As we watched the Knicks cruise to another win, Smithingham said the goal was to mix the niceties of broadcasts (like graphics and replays) with the joys of interaction. Amin and analyst Richard Jefferson often visit with fans between quarters. Smithingham mentioned how 5G could benefit the workflow, but for the most part, there was little talk of waiting for some future breakthrough. MediaMonks is building VR for today.

“The eventual ‘killer app’ for VR sports won’t just take current viewing paradigms… and stuff them into a headset”

—Kyle Bunch, the managing director of R/GA’s Global Sports Venture Studio

Part of the small footprint is due to the NBA’s COVID-19 protocols. But Smithingham said that he’d like to stick with a similar plan in future years. There’s no need to spend more.

A smaller budget means a lower threshold for success. MediaMonks isn’t trying to sell sponsorships like NextVR did. Instead, their weekly games are now simply a perk of owning an Oculus headset, and an opportunity for the NBA to engage VR fans. Viewership often reaches the high triple-digits (much like NextVR did), which Smithingham said was “a great number for VR.”

So, about the experience. It’s engrossing. Two hours flew by as I talked to MediaMonks team members, with the game in front of us. But it doesn’t replicate the feeling of being there. Instead, it feels more like renting a movie theater with friends.

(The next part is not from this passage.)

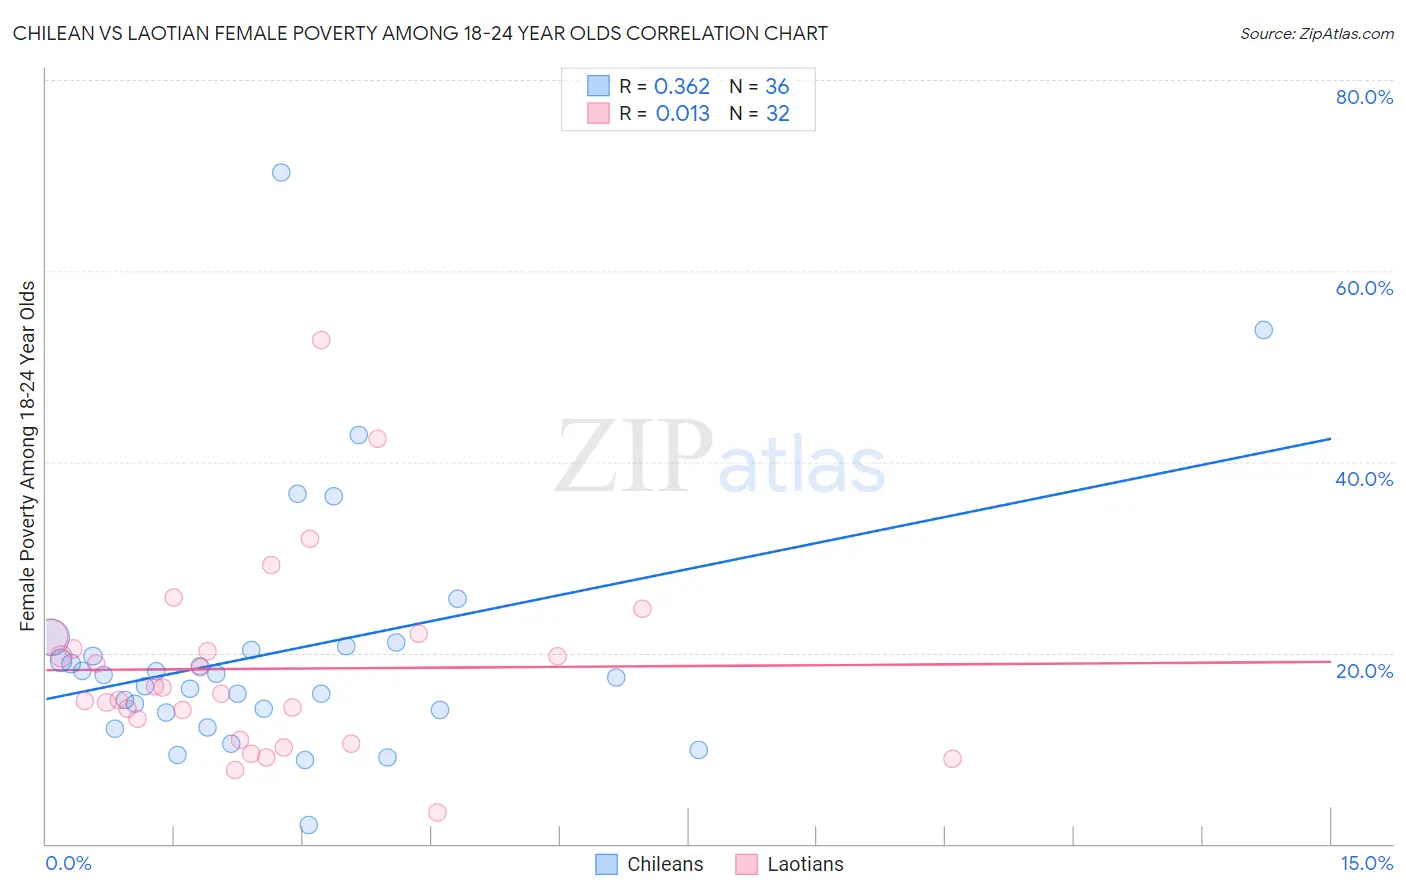 Chilean vs Laotian Female Poverty Among 18-24 Year Olds

Partly, that’s due to the current camera setup. The fisheye lenses create a more flat-feeling display than NextVR’s stereoscopic capture promised. When Knicks coach Tom Thibodeau wandered towards the sideline cam, he seemed to tower over everything else because of the camera’s distorting effect. MediaMonks also borrows its court audio feed from the TV production, meaning the soundstage doesn’t travel with you.

“The eventual ‘killer app’ for VR sports won’t just take current viewing paradigms like sitting courtside next to friends… and stuff them into a headset,” argues Kyle Bunch, the managing director of R/GA’s Global Sports Venture Studio. “They’ll be tailor-made to take advantage of new possibilities made possible by the medium.” And most likely, those new experiences will be created by people who grew up with VR like what Oculus Venues currently offers. The experimentation is critical for future success.

For now, the offering continues to highlight what VR lacks. The Quest’s screen is not quite good enough to make out players’ eyes at a distance, and there are no close-ups packing emotional punches. Oculus’ social features have come a long way, but it’s still an isolating experience, being left to wonder whether that knock you heard was at your apartment door or was the pizza guy showing up to someone else’s house several states away.

After the game ended, my fellow avatars began to disappear. There was no communal filing out, no jesting or debating down the escalator, no mass of kinetic energy piling up for cabs or filing into nearby bars.

I took off my headset and blinked. Then I instinctively reached for my phone, anxious to see what I’d missed while I was gone.